8. The apparatus of claim 1, wherein a line of pixel regions is processed.

9. The apparatus of claim 1, wherein the pixel regions are written to memory before the pixel regions are evicted from the cache.

10. The apparatus of claim 1, wherein a rectangular block of pixel regions is processed.

11. The apparatus of claim 1, further comprising logic to set a pointer to the memory storage where pixel regions reside for read and write access.

12. The apparatus of claim 1, wherein the apparatus is a printing device.

13. The apparatus of claim 1, wherein the apparatus is an image capture mechanism.

14. The apparatus of claim 13, wherein the image capture mechanism comprises one or more sensors that gather image data.

15. A system for accessing an image in a memory storage, comprising:

the memory storage to store image data;

a cache;

a processor to: pre-fetch image data, wherein the image data comprises pixel regions; arrange the image data as a set of one-dimensional array to be linearly processed; process a first pixel region from the image data, the first pixel region being stored in the cache; place a second pixel region from the image data into the cache, wherein the second pixel region is to be processed after the first pixel region has been processed; process the second pixel region; write the set of one-dimensional arrays back into the memory storage; and evict the first pixel region from the cache.

16. The system of claim 15, wherein the image data is arranged using a set of pointers to the image data.

17. The system of claim 15, further comprising an output device communicatively coupled to the processor, the output device configured to display the image.

18. The system of claim 17, wherein the output device is a printer.

19. The system of claim 17, wherein the output device comprises a display screen.

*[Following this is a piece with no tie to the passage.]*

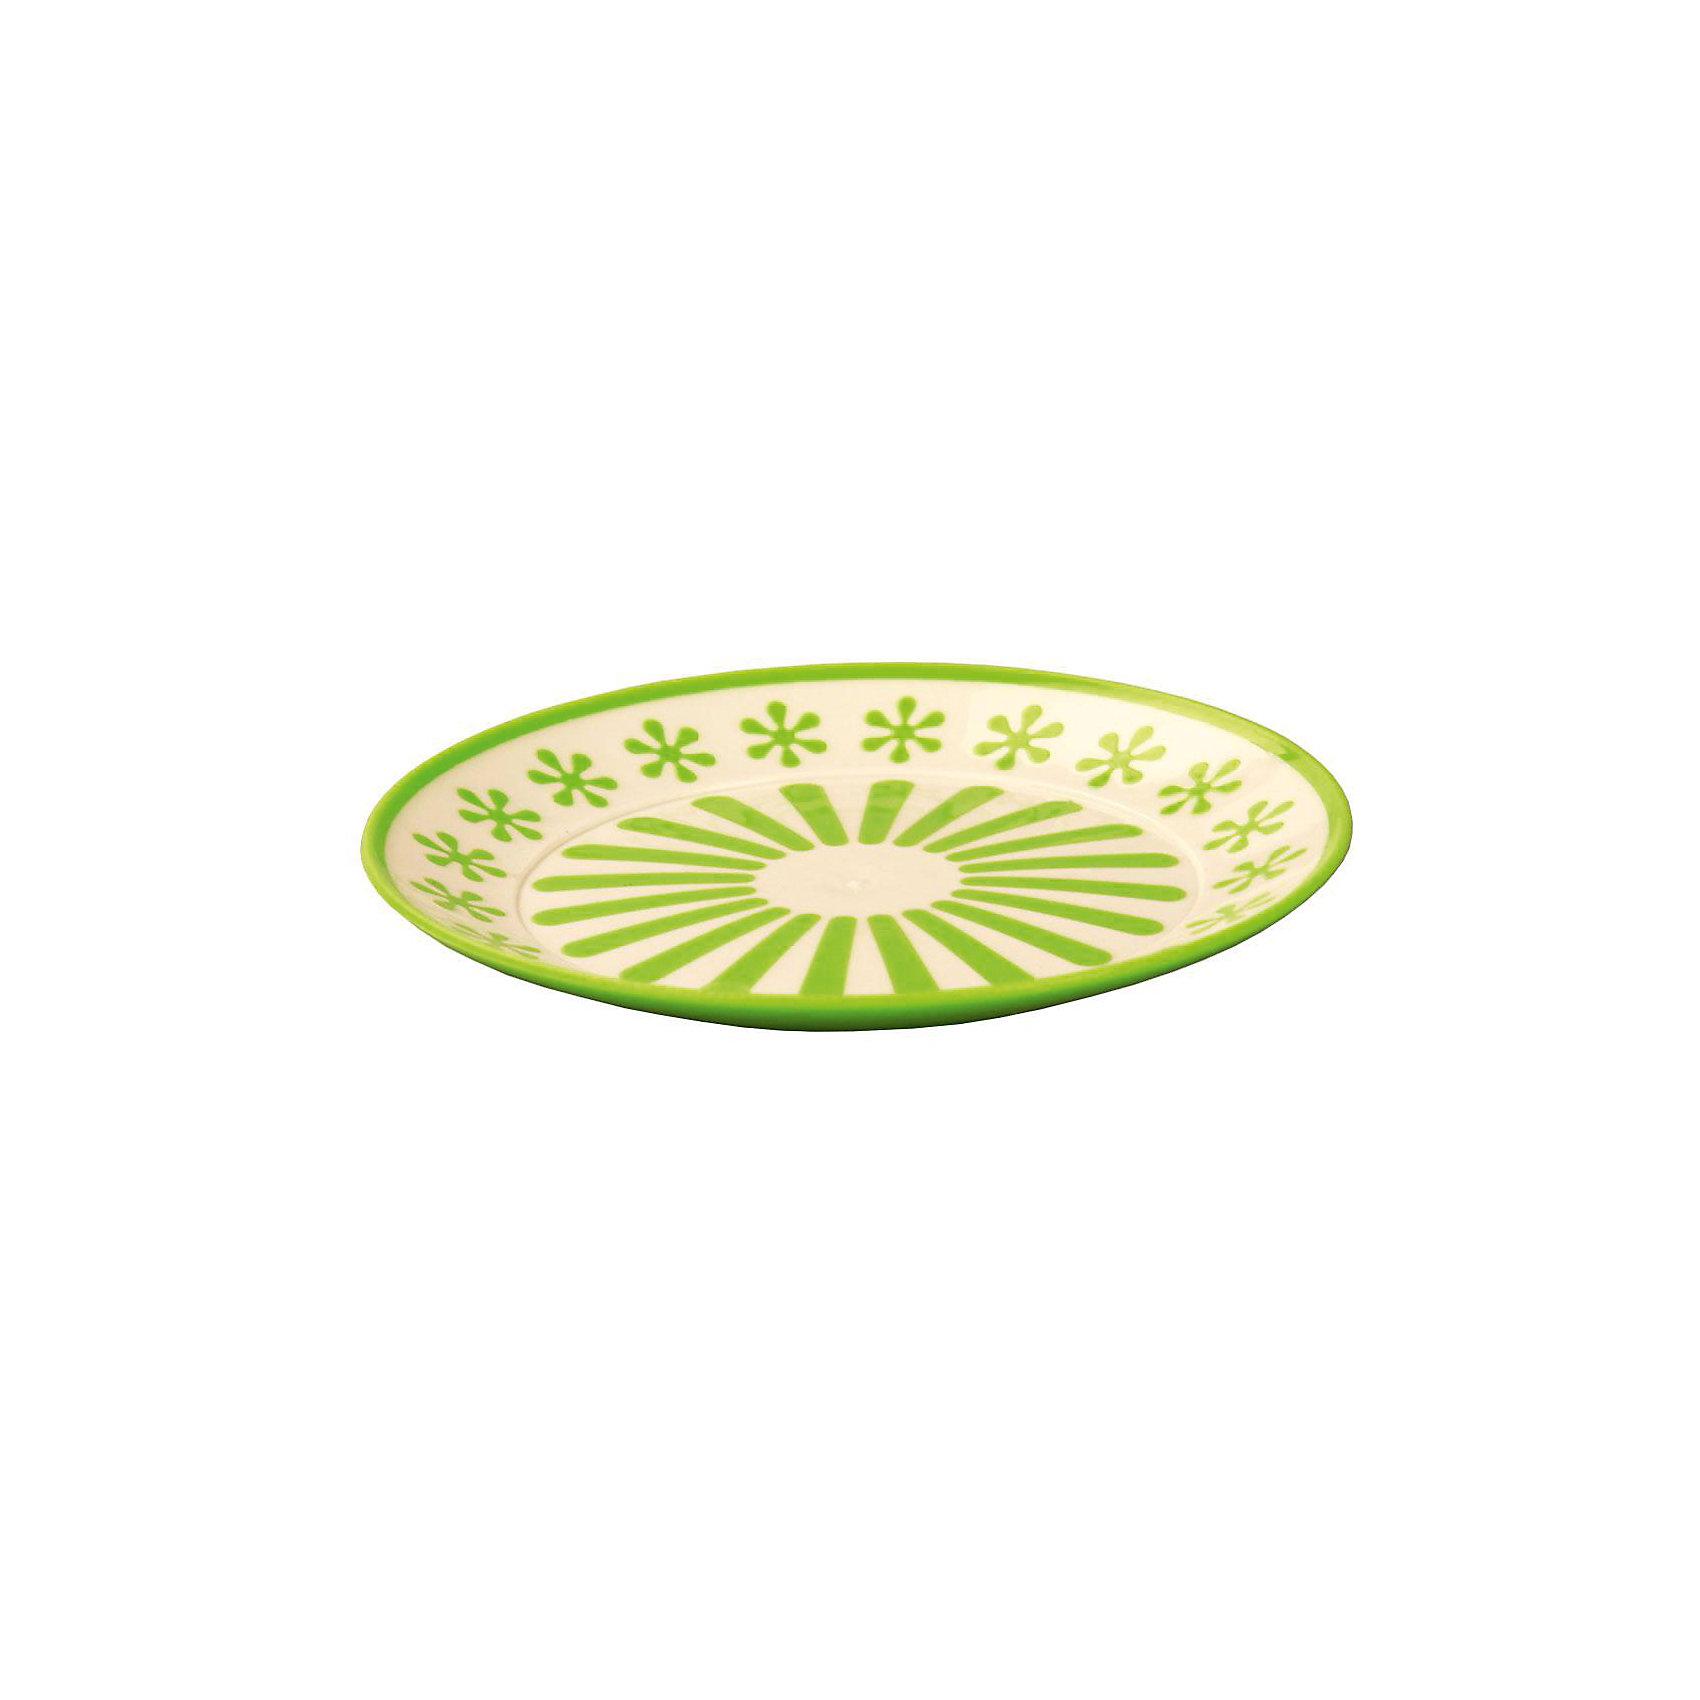 Тарелка Валенсия, Alternativa, салатовый-белыйХарактеристики:<br><br>• Предназначение: для пищевых продуктов<br>• Материал: пластик<br>• Цвет: салатовый, белый<br>• Размер (Д*Ш*В):  19*19*20 см<br>• Особенности ухода: разрешается мыть<br><br>Тарелка Валенсия, Alternativa, салатовый-белый изготовлена отечественным производителем ООО ЗПИ Альтернатива, который специализируется на выпуске широкого спектра изделий и предметов мебели из пластика. Тарелка выполнена из экологически безопасного пищевого пластика, устойчивого к механическим повреждениям и изменению цвета. Ее можно использовать для холодных пищевых продуктов, в качестве вазы для фруктов или кондитерских изделий.Тарелка выполнена в ярком дизайне. Изделие имеет компактный размер и легкий вес, поэтому его удобно брать с собой на природу и дачу. <br><br>Тарелку Валенсия, Alternativa, салатовый-белый можно купить в нашем интернет-магазине.<br><br>Ширина мм: 190<br>Глубина мм: 190<br>Высота мм: 2<br>Вес г: 74<br>Возраст от месяцев: 36<br>Возраст до месяцев: 84<br>Пол: Унисекс<br>Возраст: Детский<br>SKU: 5096703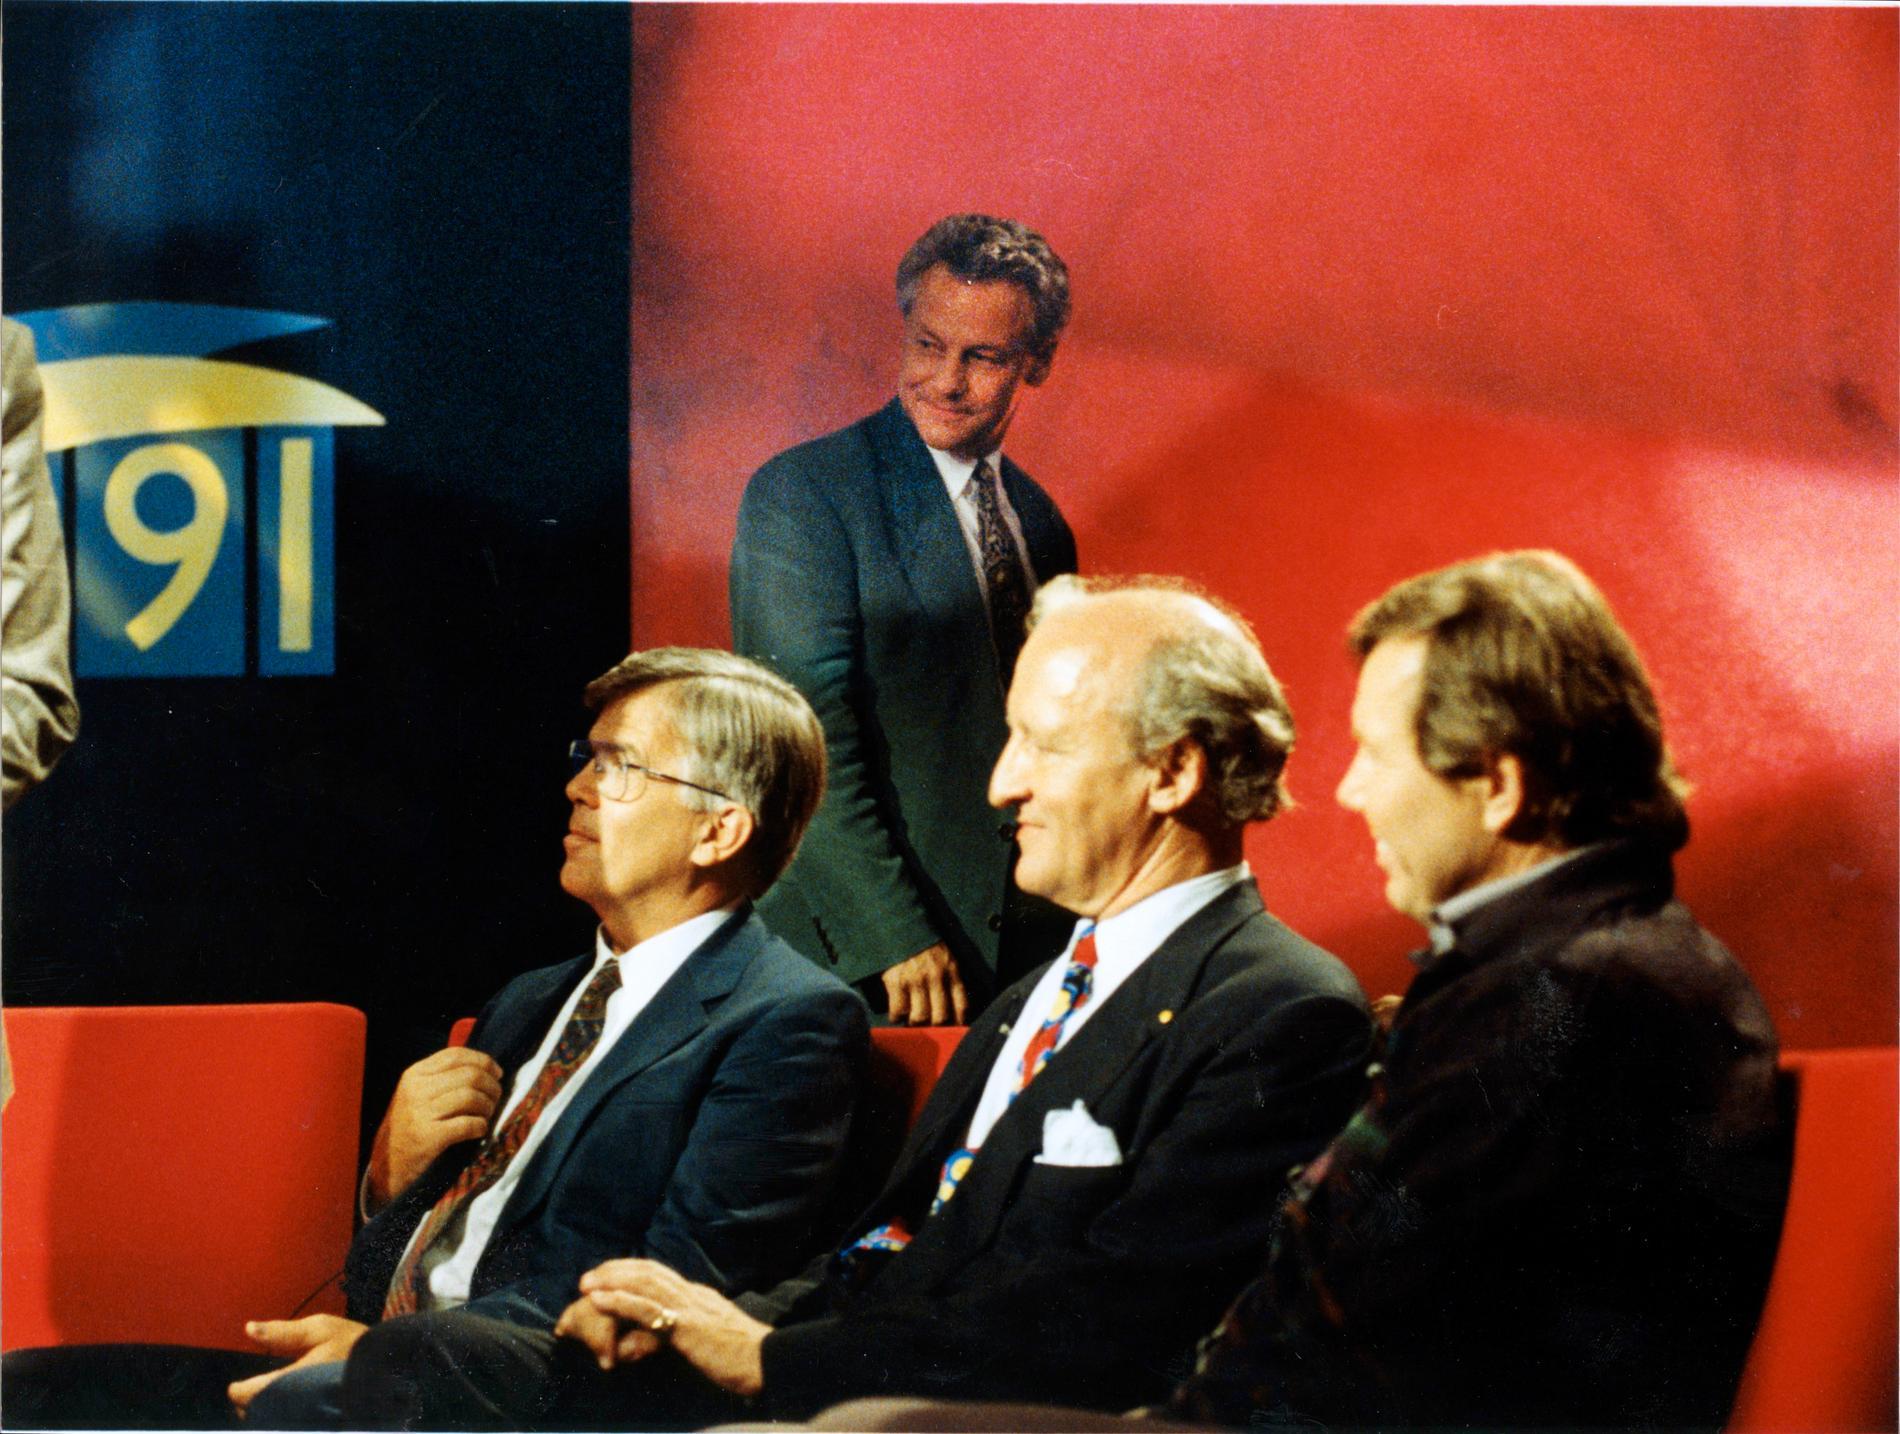 Bengt Westerberg ville inte sitta i samma tv-soffa som Ny Demokratis Ian Wachtmeister och Bert Karlsson 1991.

20. The system of claim 15, the processor to process each pixel region in the image in a sequential order in accordance with the one-dimensional arrays.

21. The system of claim 15, wherein the image is a frame of a video.

22. A tangible, non-transitory computer-readable media for accessing an image in a memory storage, comprising instructions to:

pre-fetch image data, wherein the image data comprises pixel regions;

arrange the image data as a set of one-dimensional arrays to be linearly processed;

process a first pixel region from the image data, the first pixel region being stored in a cache;

place a second pixel region from the image data into the cache, wherein the second pixel region is to be processed after the first pixel region has been processed;

process the second pixel region;

write the set of one-dimensional arrays back into the memory storage; and

evict the first pixel region from the cache.

23. The tangible, non-transitory computer readable medium of claim 22, wherein the image data is arranged using a set of pointers to the image data.

24. The tangible, non-transitory computer-readable media of claim 22, wherein the one-dimensional array is a linear sequence of pixel regions.

25. The tangible, non-transitory computer-readable media of claim 22, further comprising instructions to set the number of pixel regions to be processed in the cache simultaneously.

26. The tangible, non-transitory computer-readable media of claim 22, further comprising instructions to set the number of pixel regions to be placed into the cache prior to processing.

27. The tangible, non-transitory computer-readable media of claim 22, further comprising instructions to set the number of pixel regions to be removed from the cache after processing.

28. The tangible, non-transitory computer-readable media of claim 22, wherein a line of pixel regions is processed.

29. The tangible, non-transitory computer-readable media of claim 22, wherein a rectangular block of pixel regions is processed.